Dear Dr Ren,
I’ve had genital warts on my ass before. Sometimes I’ve had them burnt off with chemicals and sometimes they just go away by themselves. I’ve never worried too much about them. But now I’ve tested positive for HIV and I understand this puts me at much greater risk to develop anal cancer because of the genital warts. What do I need to know?
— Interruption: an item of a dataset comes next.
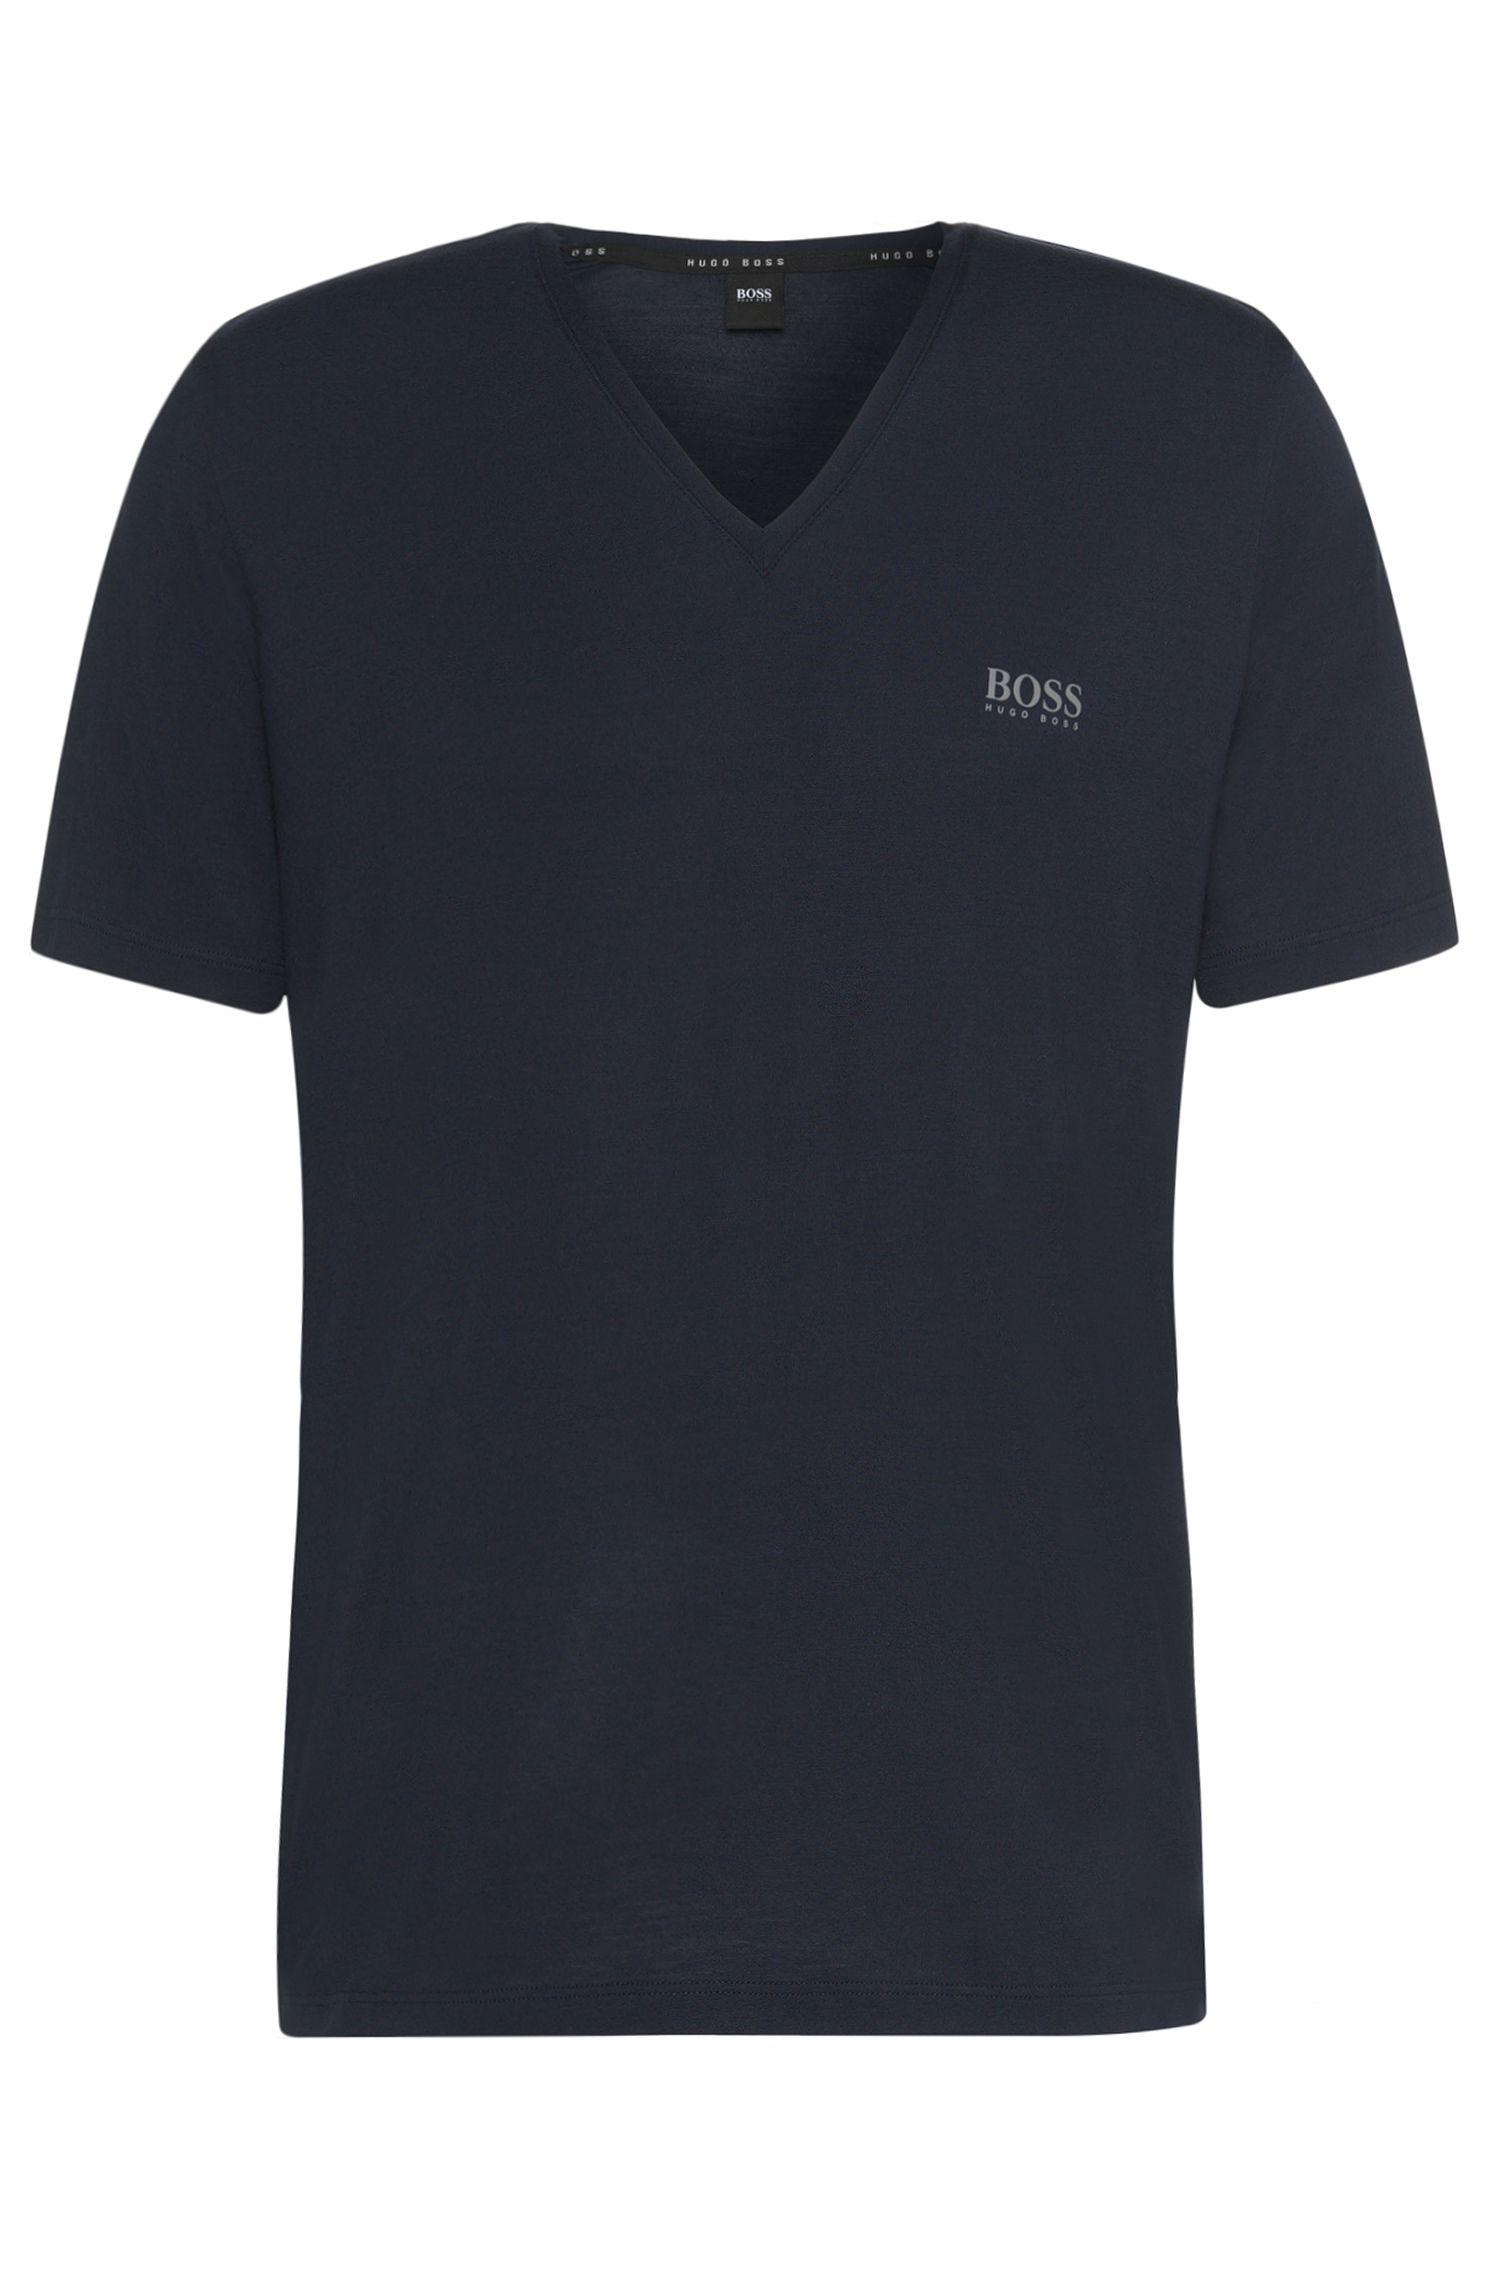 'Shirt VN SS' | Stretch Modal V-Neck T-Shirt
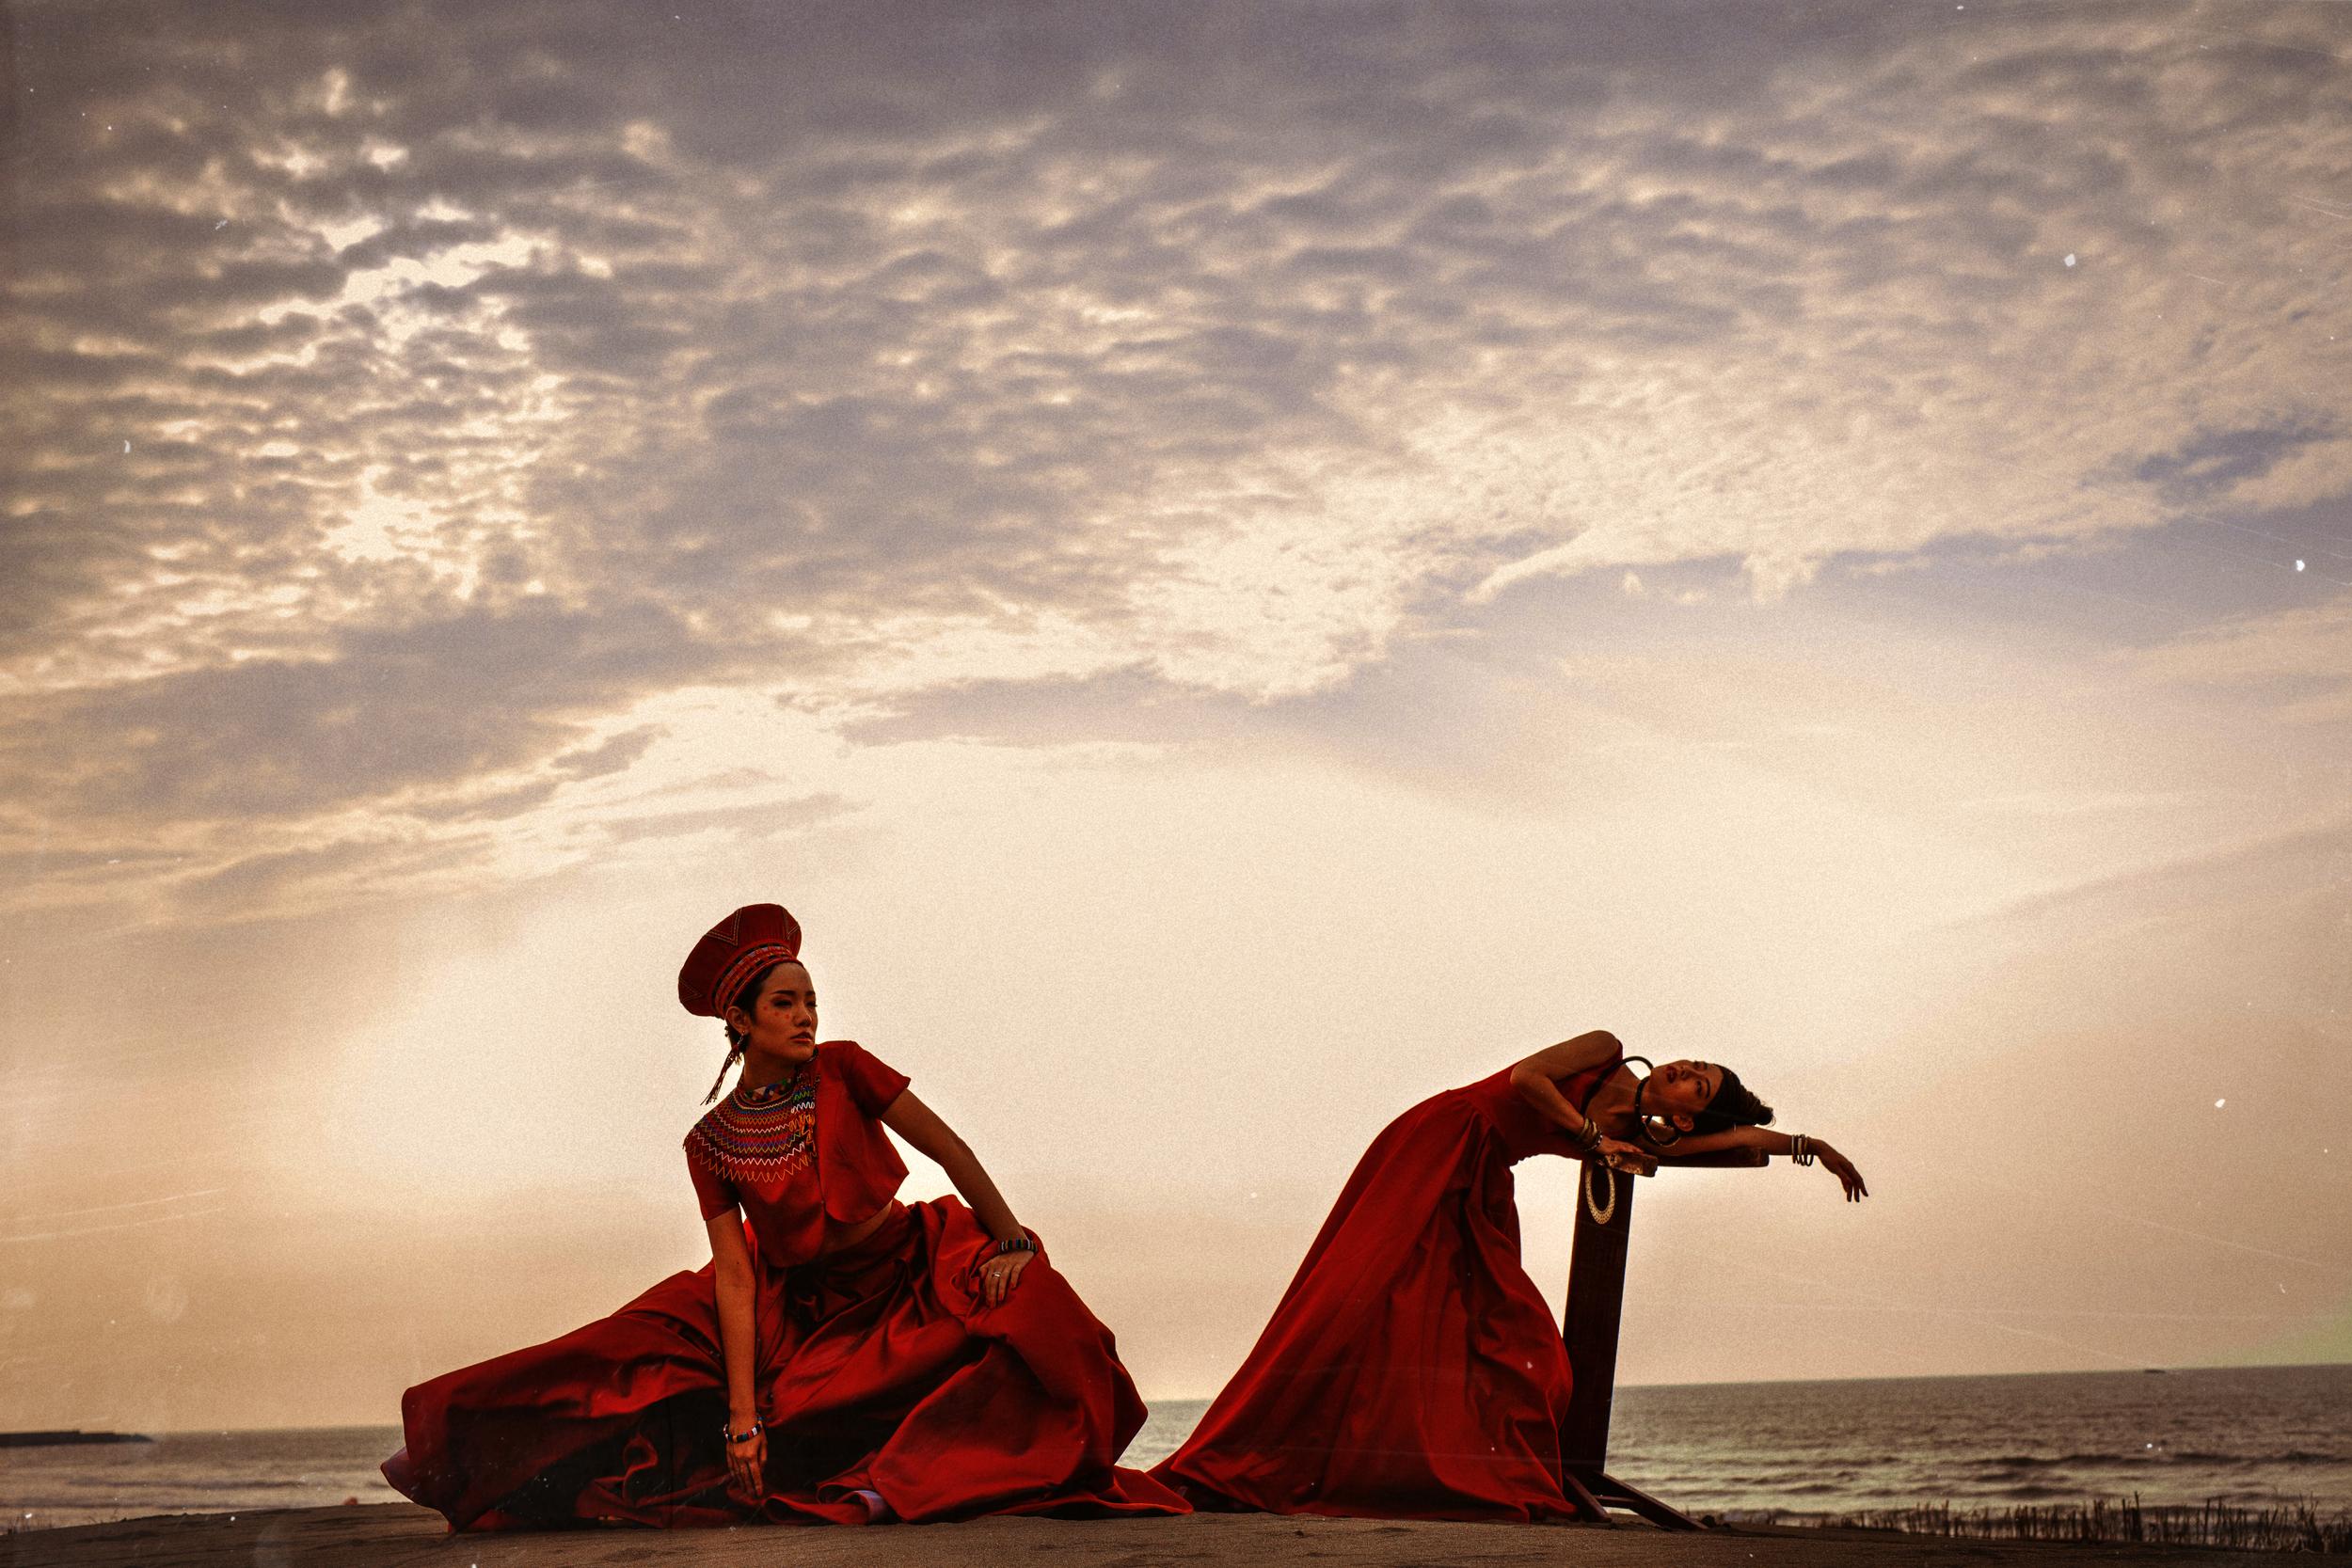 JC CREATIVE 周頴賢 女性婚攝 婚紗推薦 自主婚紗 棚拍婚紗 PREWEDDING 影像創作 藝術家 ART FINE ART自然風格  黑白照 ART_00006.jpg

What do I need to do?
Needs to Know
Dear Needs to Know,
Although your question seems simple enough, the confluence of HPV (the virus that causes genital warts) and HIV makes both more complicated.
Let’s start with the basics.
Human papillomavirus (HPV) is currently the most common sexually transmitted infection (STI), perhaps because it is so easy to spread through skin-on-skin contact. For this reason, condoms can decrease, but not preclude, transmission of the virus during sex.
Various strains of the virus may cause genital warts on your penis or your ass. Generally painless, they can be occasionally itchy. They are almost always benign, the obvious exception being the strains that cause anal cancer.
The chemical you used to burn off the warts was probably liquid nitrogen. Even with this treatment, warts can reoccur. Depending on your age, you may choose to be vaccinated with Gardasil, but it works best if received prior to exposure to the virus.
Health Canada has approved the vaccine for young men from nine to 26, but oddly, they must pay for this particular preventive medicine, at a cost of up to $300, and it is not always easy to find a dispensing source. Hopefully, one day both boys and girls will be vaccinated for HPV just as they receive polio and measles vaccines, but we are far from that state now.
Though it is true that your risk of developing anal cancer increases if you have HPV and HIV, that risk is actually fairly minimal. That said, you are wise to remain vigilant regarding your anal health. If you notice changes to your ass in the form of bleeding, significant growth of the warts or other lesions in the first inch inside your anal opening — or anything else unusual — get to your doctor. If you can access the Lower Mainland, you can go to the infectious disease clinic at St Paul’s Hospital to get an anal PAP test.
Is there a need to alter your sexual behaviour now that your serological status has changed? Not necessarily. Because condoms cover only your penis, and because HPV rarely limits itself only to this area, they are not entirely protective. However, you want to minimize transmission as much as possible, so if you are with new or multiple partners, glove up.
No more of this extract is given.